In what was billed as a speech on the economy, former Texas Governor Rick Perry delivered remarks to the National Press Club yesterday with some startling observations about the Republican Party and race. These observations were highlighted in Evan McMorris-Santoro’s account of the speech for BuzzFeed, and as we speak there’s a robust discussion of them underway on Twitter that involves, among others, Jonathan Chait, Harold Pollack, and John Legend (!).
Here’s the most interesting passage in a speech that began rather abruptly with Perry’s graphic description of a 1916 lynching in Waco:
I know Republicans have much to do to earn the trust of African-Americans. Blacks know that Republican Barry Goldwater in 1964 ran against Lyndon Johnson, who was a champion for Civil Rights. They know that Barry Goldwater opposed the Civil Rights Act of 1964. He felt parts of it were unconstitutional. States supporting segregation in the south, they cited states’ rights as a justification for keeping blacks from the voting booth and the dinner table.
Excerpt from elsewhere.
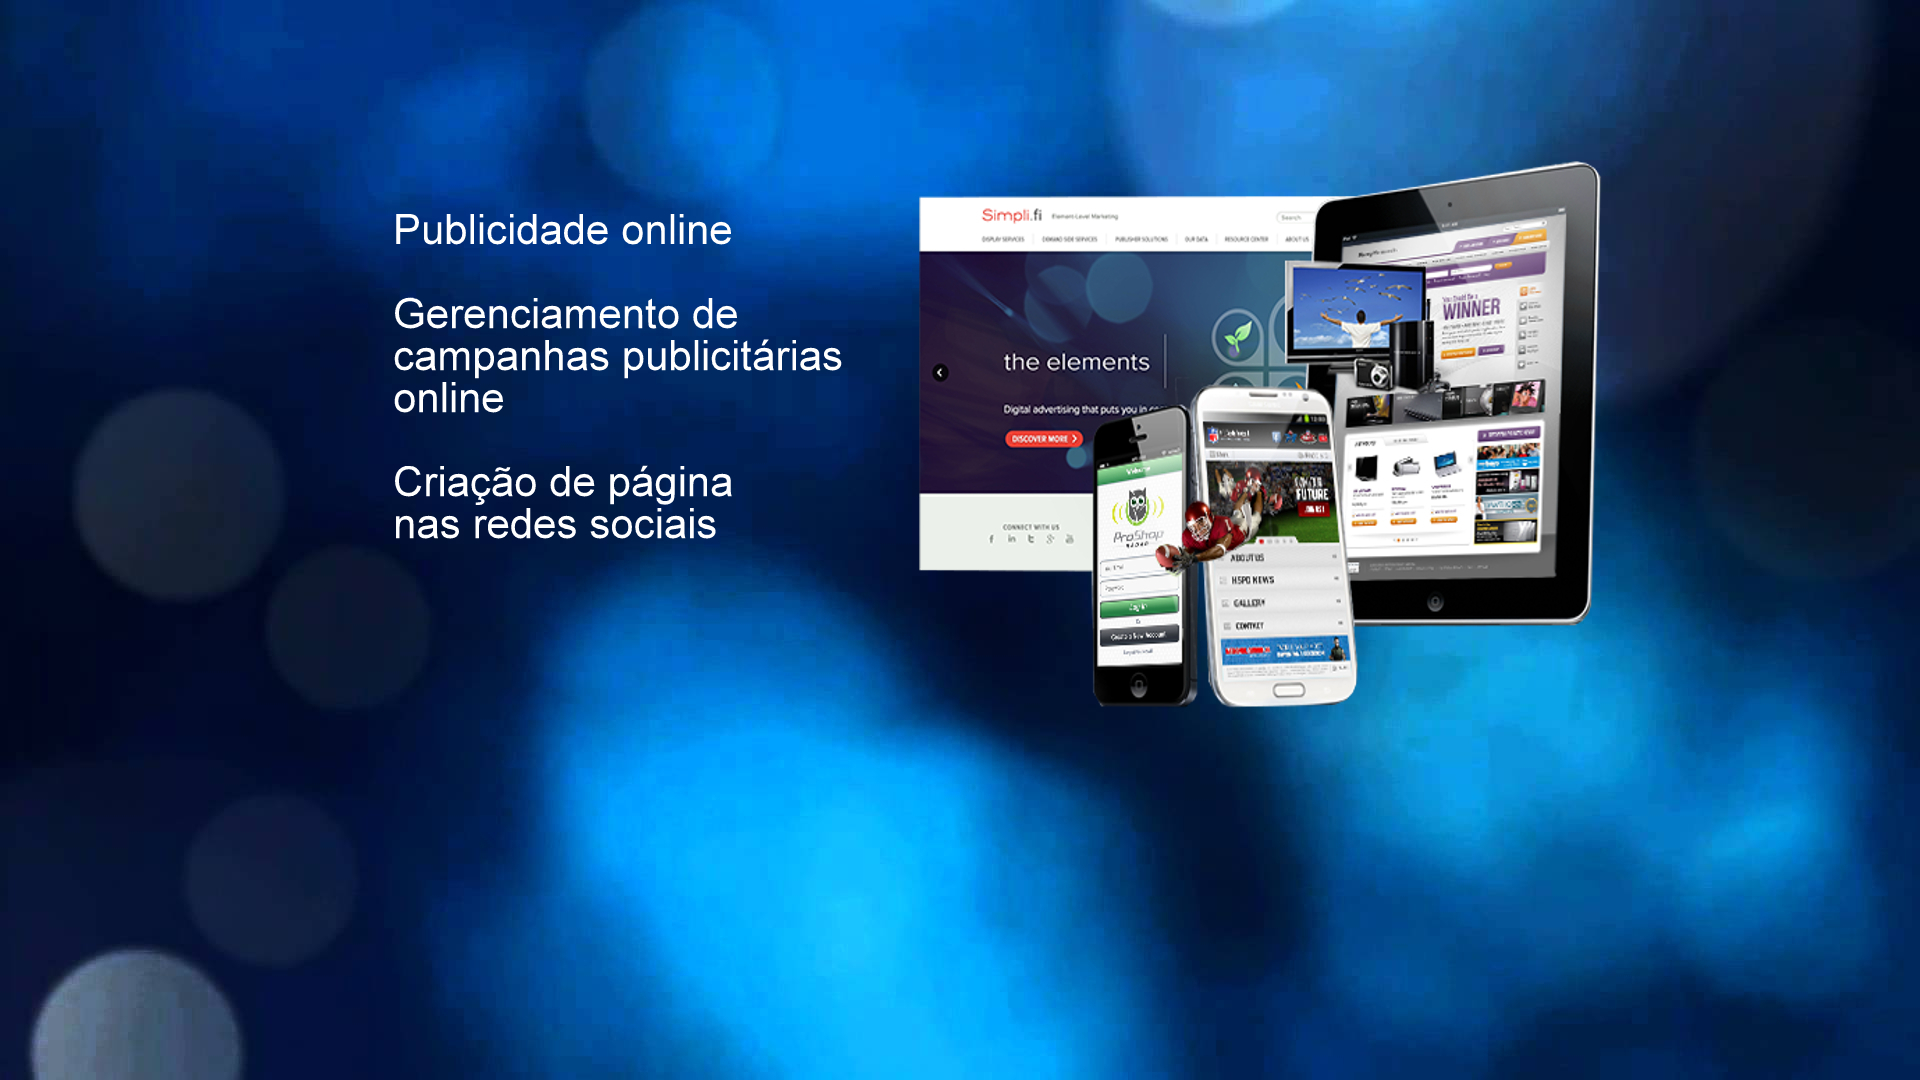 publicidade on line

As you know, I am an ardent believer in the 10th Amendment, which was ratified in 1791, as part of our Bill of Rights. The 10th Amendment says that the powers not delegated to the United States by the Constitution, nor prohibited by it to the states, are reserved for the states respectively, or the individual. I know that state governments are more accountable to you than the federal government. But I’m also an ardent believer in the 14th Amendment, which says that no state shall deny any person in its jurisdiction the equal protection of the laws.
There has been, and there will continue to be an important and a legitimate role for the federal government in enforcing Civil Rights. Too often, we Republicans, me included, have emphasized our message on the 10th Amendment but not our message on the 14th. An Amendment, it bears reminding, that was one of the great contributions of Republican party to American life, second only to the abolition of slavery.
The first paragraph of this passage is a pretty blunt refutation of the revisionist history of the GOP and civil rights that we hear all the time–and heard again last week when some Republicans pretended there had never been anyone in their ranks who supported neo-Confederate imagery and rhetoric. The third paragraph an admission that Republican use–even by Perry himself–of state’s rights rhetoric sounds like a neo-Confederate dog whistle to African-Americans. And the second paragraph includes something I don’t recall ever hearing: a Republican pol giving a shout-out to the 14th Amendment, which when mentioned at all in those circles is usually treated as the hellish loophole through which all sorts of Big Government evil has entered the political bloodstream.
Read in isolation, this is pretty remarkable, and frankly strikes me as a more significant concession to reality than Rand Paul’s famous African-American outreach efforts. Moreover, when he gets into his positive claims for an agenda benefiting African-Americans, Perry can not only match Paul’s pledge to pursue criminal justice reform, but can show some results, and can also tout pretty good numbers on black graduation rates in Texas. Indeed, Perry’s got the closest thing I’ve seen to a coherent conservative program in this area:
I will suggest to you, if we’ll do five things, if we create jobs, if we incentivize
work, if we keep nonviolent drug offenders out of prison, if we reform our schools, and
we reduce the cost of living, we will have done more for African-Americans than the last
three Democrat administrations combined.
Without getting off-track here, I’d observe that planks one, two and five of this agenda are based on the ancient conservative illusion–which has always been central to Perry’s whole shtick–that giving “job-creators” everything they want at the expense of the public interest can provide trickle-down benefits to us serfs. He’s basically making the case that the lucky serfs include African-Americans. But at least he’s making the case, even as he conflates, say, the exodus of black Louisianans into next-door Texas after Katrina with the myth of the Lone Star State as the land of milk and honey.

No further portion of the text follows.